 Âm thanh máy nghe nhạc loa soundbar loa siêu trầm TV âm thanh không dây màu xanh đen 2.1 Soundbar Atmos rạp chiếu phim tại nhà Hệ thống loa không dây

•••••

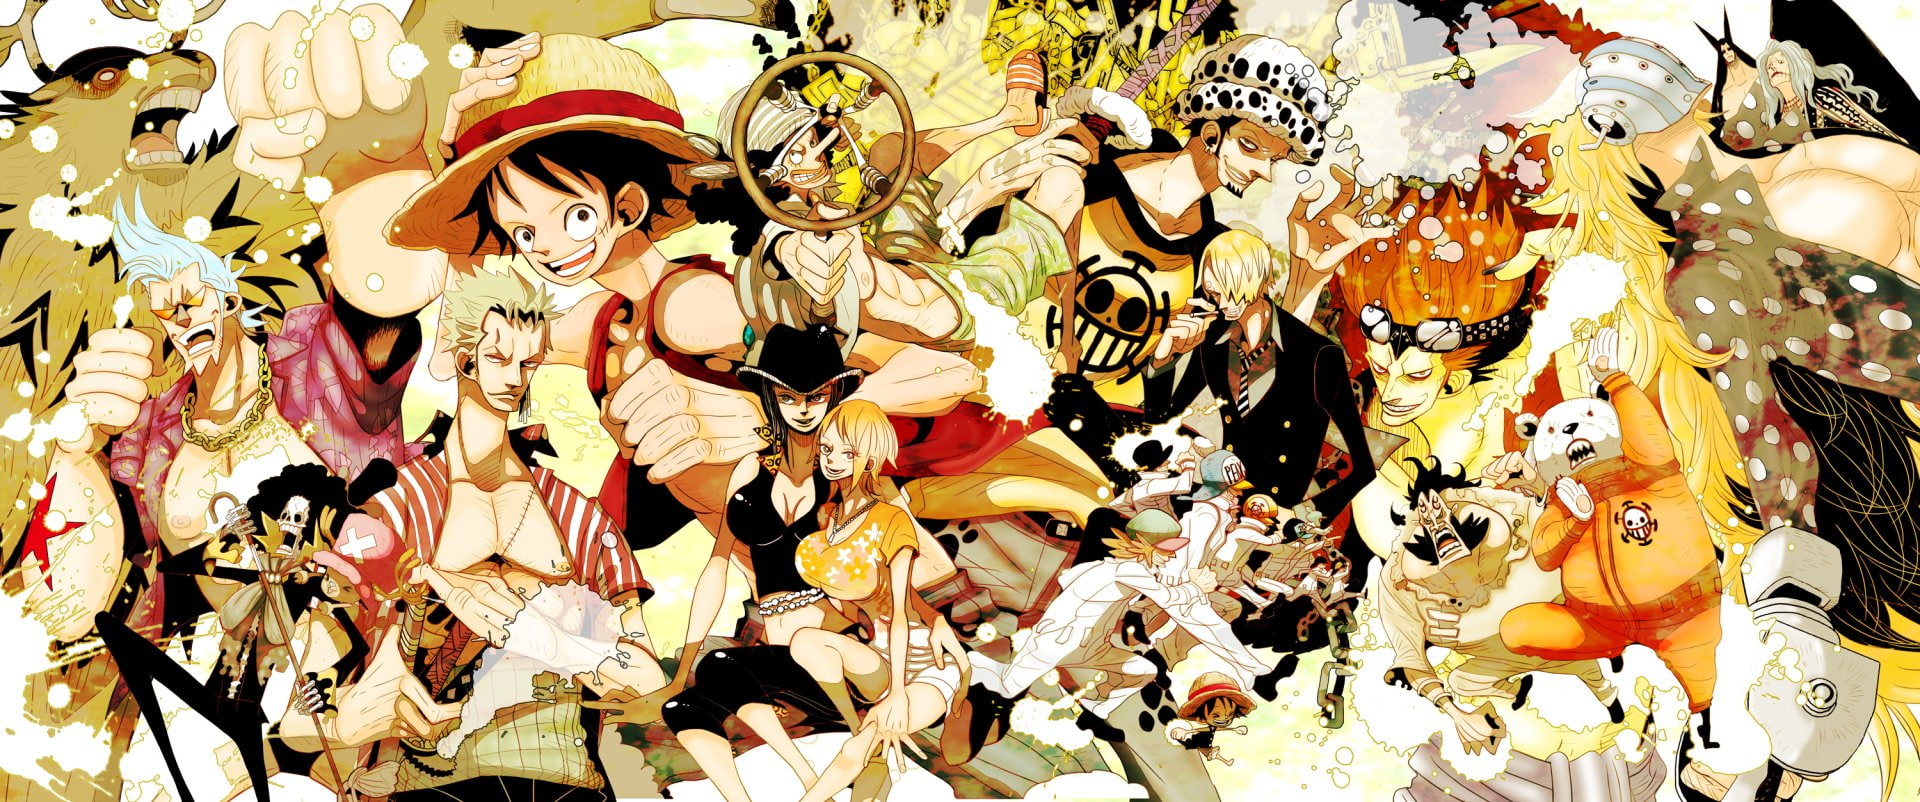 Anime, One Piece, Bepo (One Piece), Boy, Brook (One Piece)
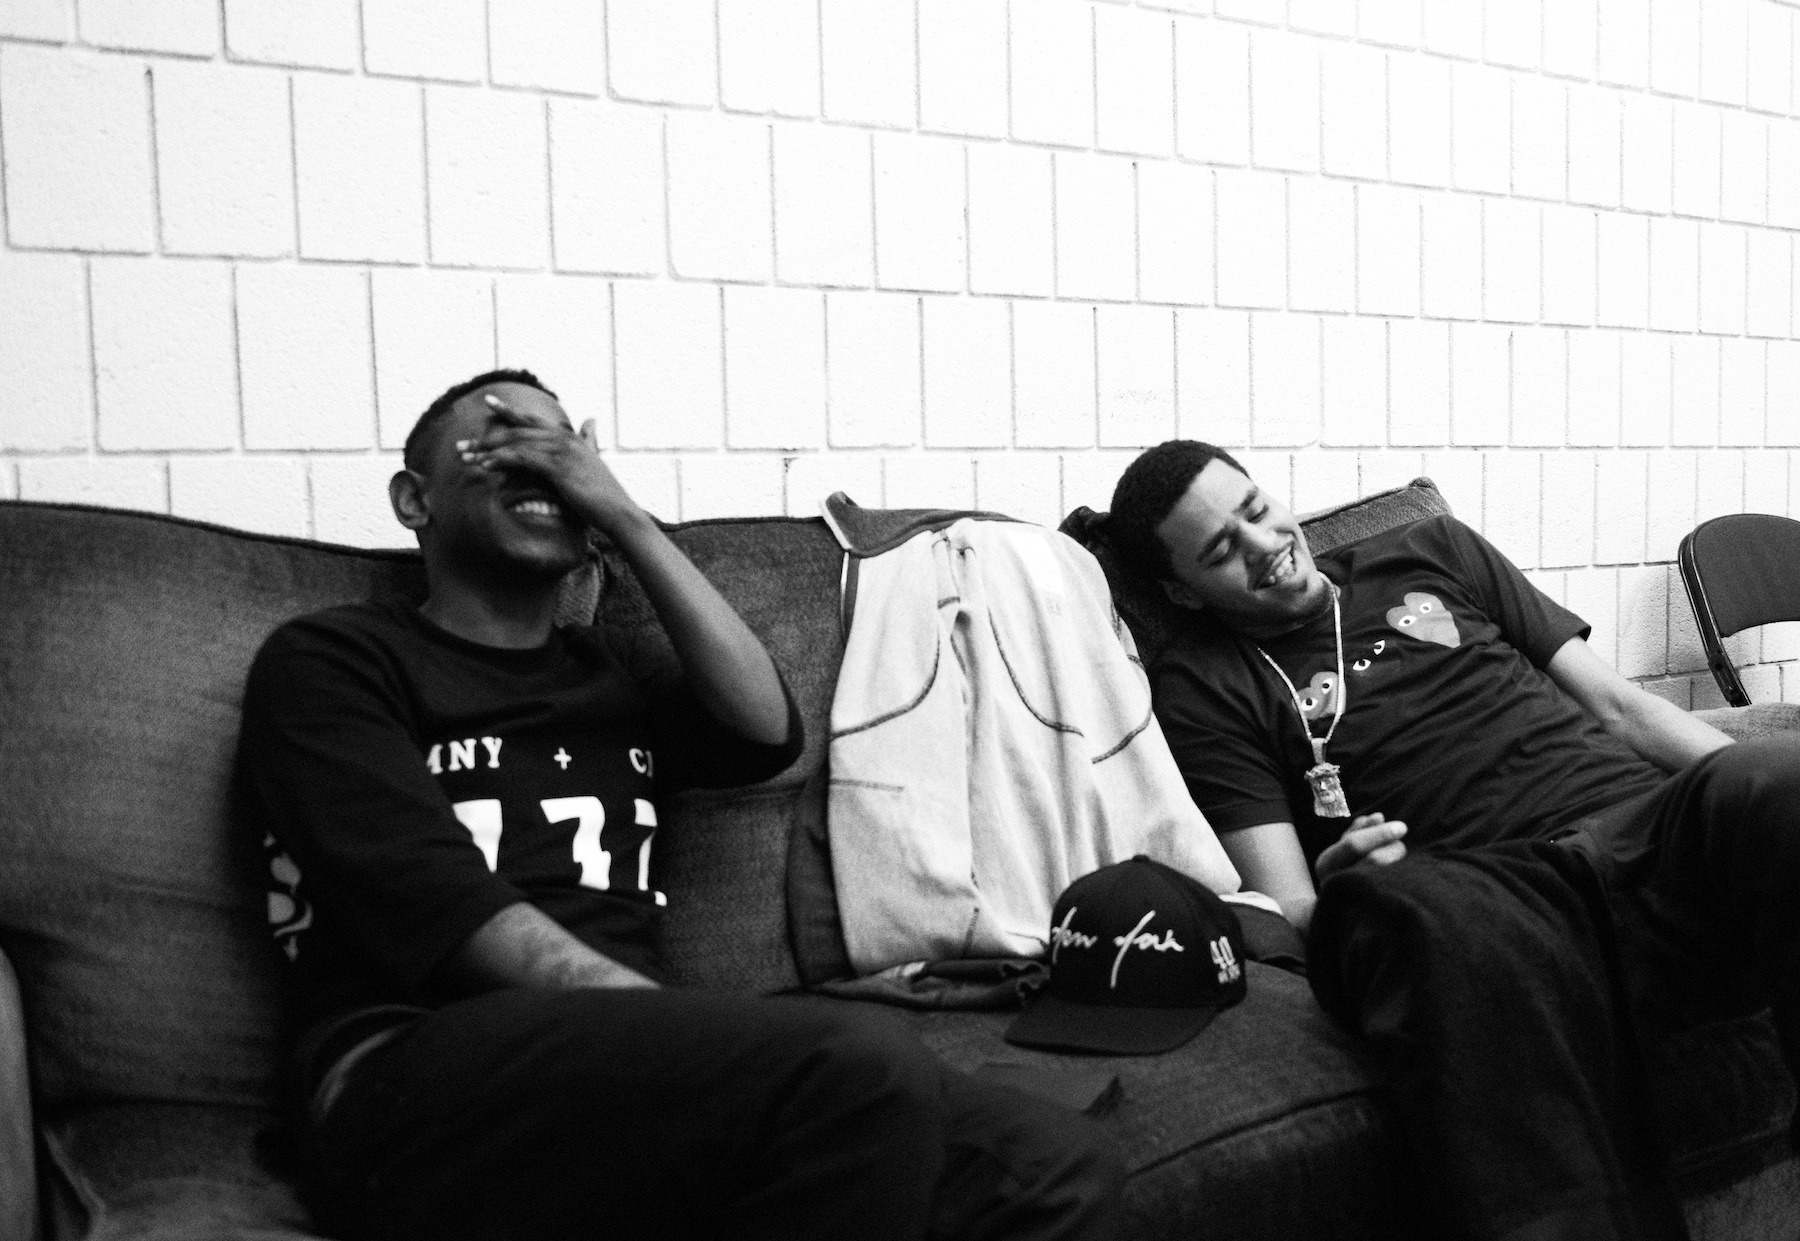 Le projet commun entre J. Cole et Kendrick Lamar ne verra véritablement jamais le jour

•••••

▸ ABOUT THIS EXERCISE: Excerpt from the records above: set down only the lines from the one that contains "Anime, One Piece, Bepo" through the one that contains "Le projet commun", inclusive, word for word. Pictures stay out.

▸ EXERCISE OUTPUT:
 Anime, One Piece, Bepo (One Piece), Boy, Brook (One Piece)
 Le projet commun entre J. Cole et Kendrick Lamar ne verra véritablement jamais le jour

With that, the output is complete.